_Recorded data_:
[Start of Attachment]

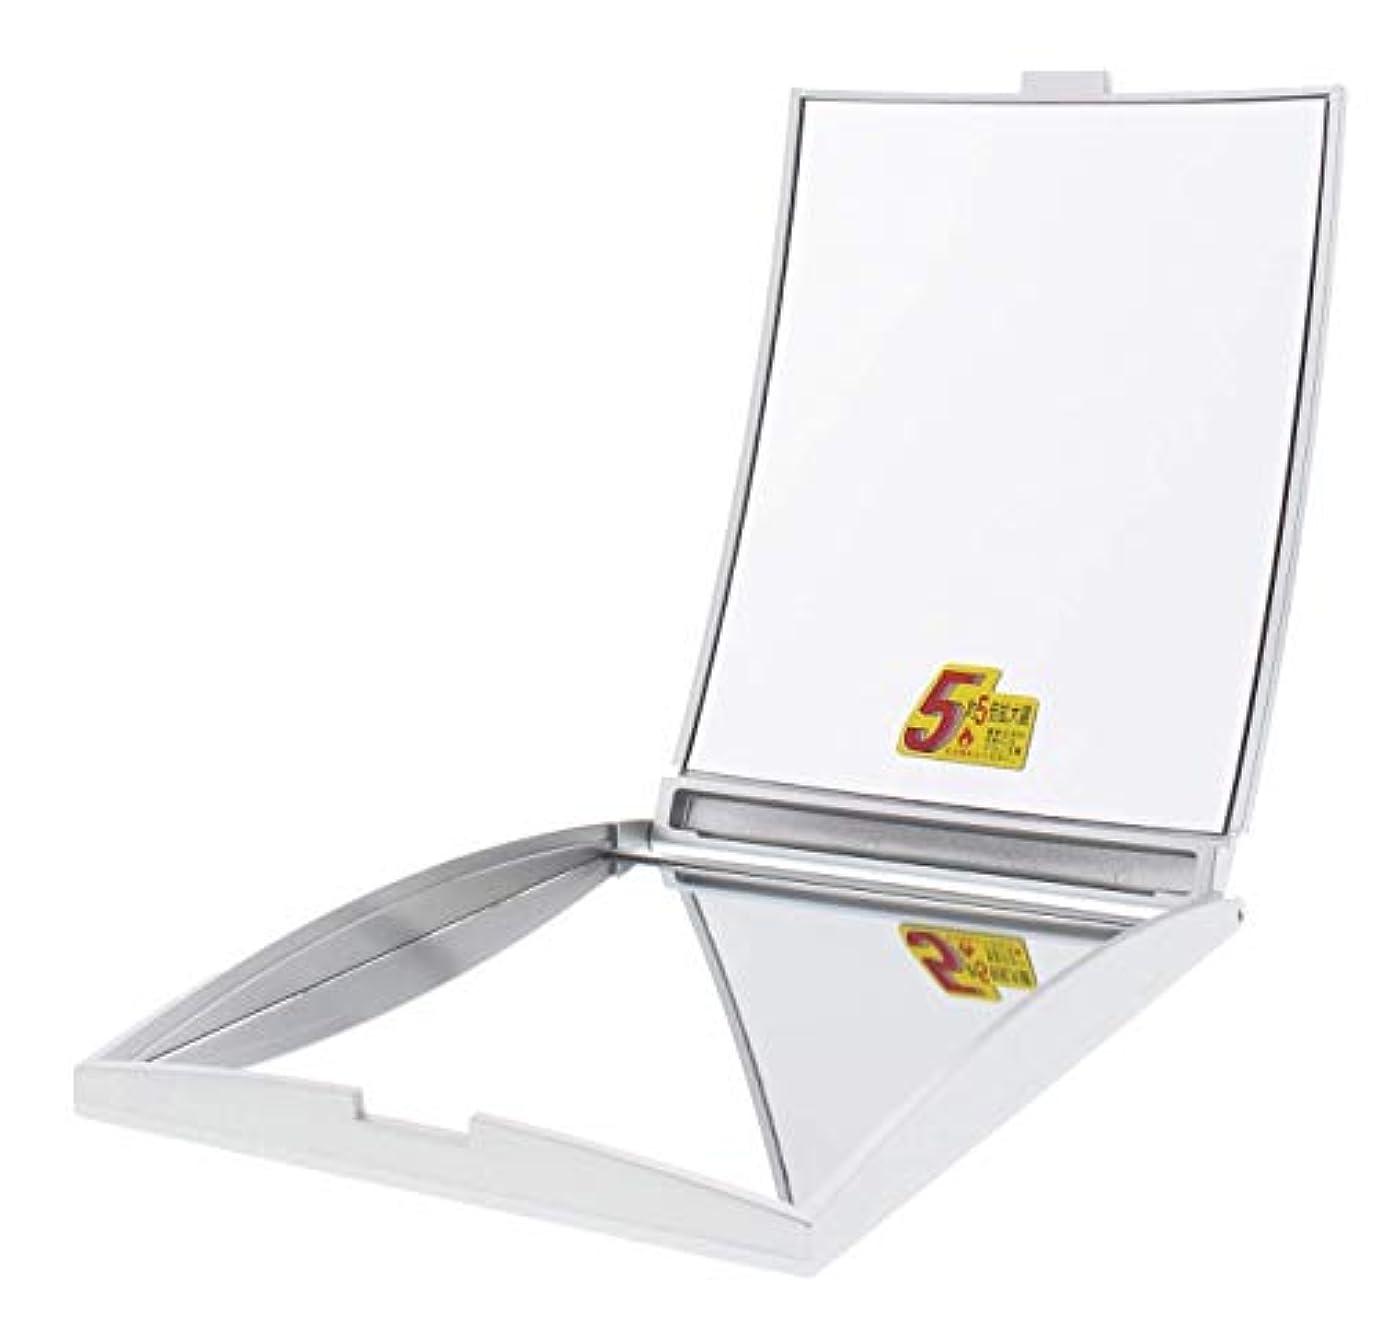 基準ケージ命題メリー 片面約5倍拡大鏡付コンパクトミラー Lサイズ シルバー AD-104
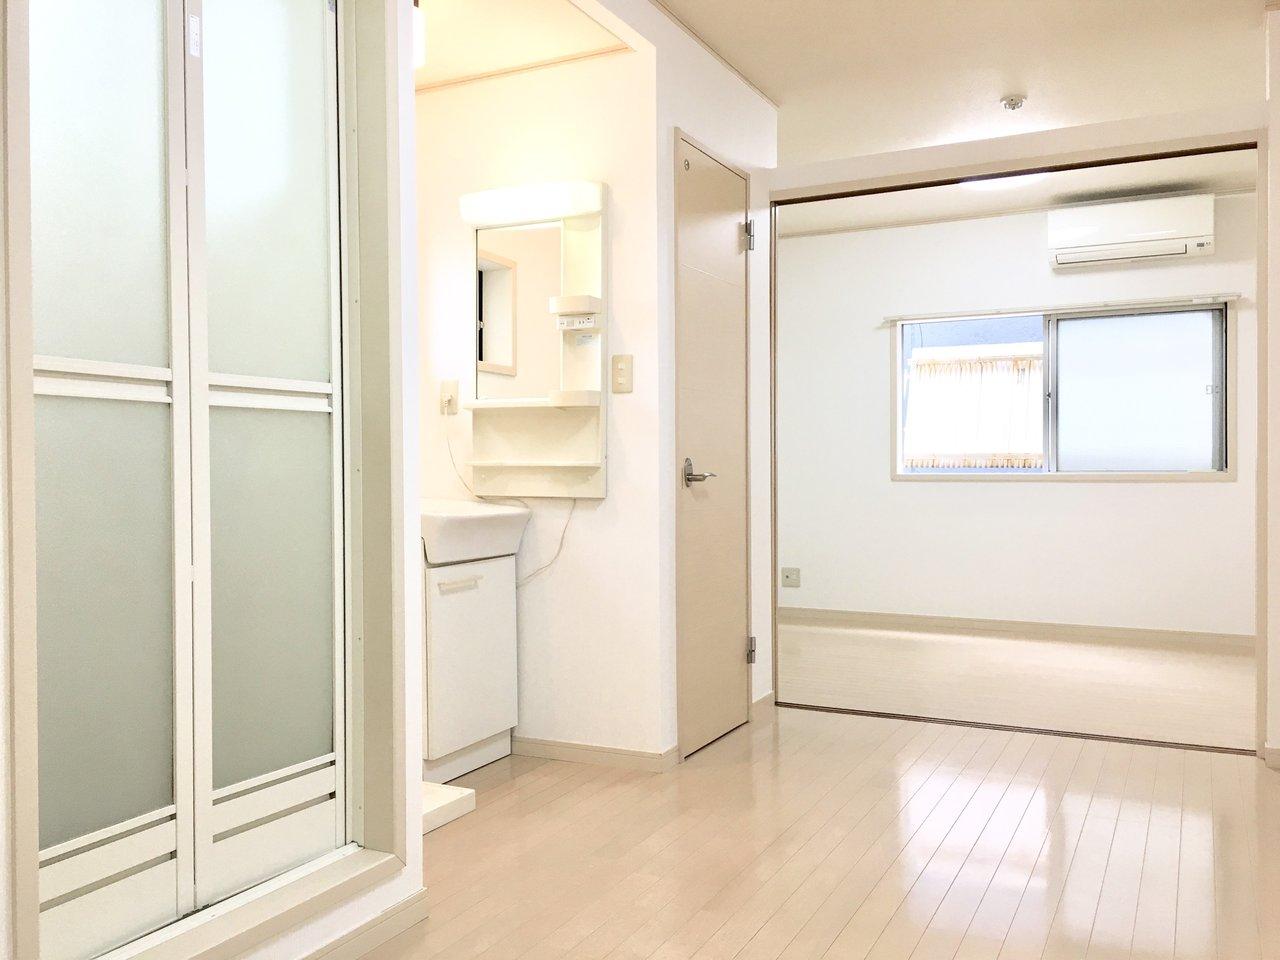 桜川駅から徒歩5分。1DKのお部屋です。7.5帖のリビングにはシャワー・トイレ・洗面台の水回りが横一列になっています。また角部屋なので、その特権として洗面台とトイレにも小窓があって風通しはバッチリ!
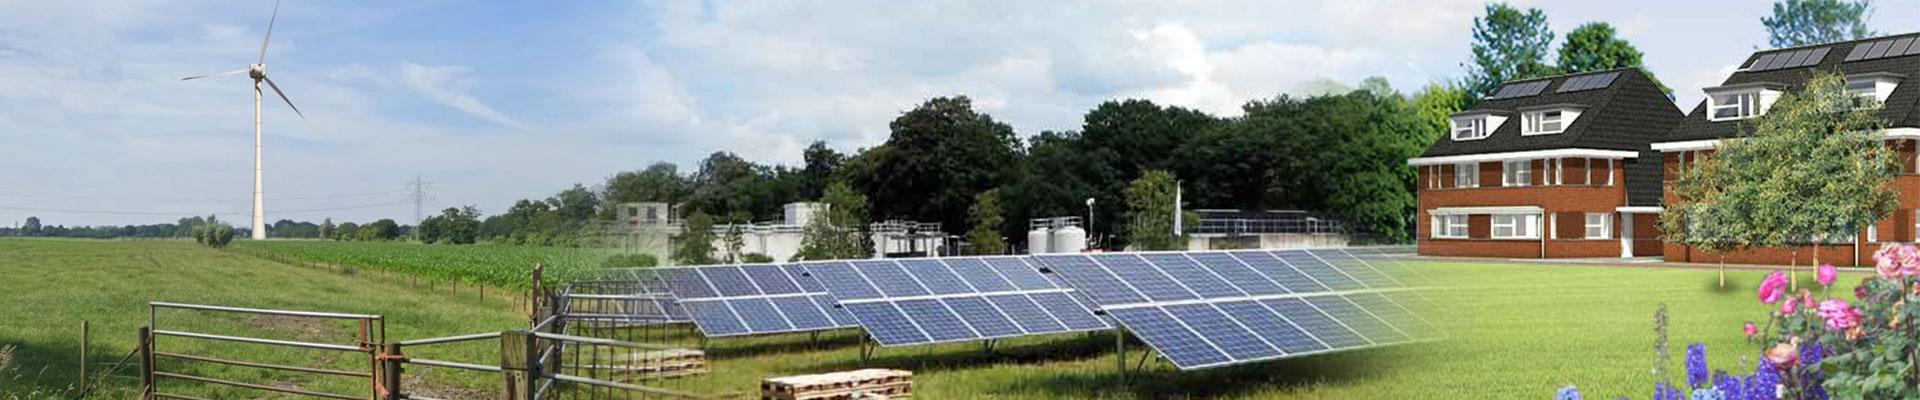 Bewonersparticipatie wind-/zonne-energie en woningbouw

[End of Attachment]

_Activity_: Please print the entire listing again exactly, minus its images.

_Written answer_:
 基準ケージ命題メリー 片面約5倍拡大鏡付コンパクトミラー Lサイズ シルバー AD-104
 桜川駅から徒歩5分。1DKのお部屋です。7.5帖のリビングにはシャワー・トイレ・洗面台の水回りが横一列になっています。また角部屋なので、その特権として洗面台とトイレにも小窓があって風通しはバッチリ!
 Bewonersparticipatie wind-/zonne-energie en woningbouw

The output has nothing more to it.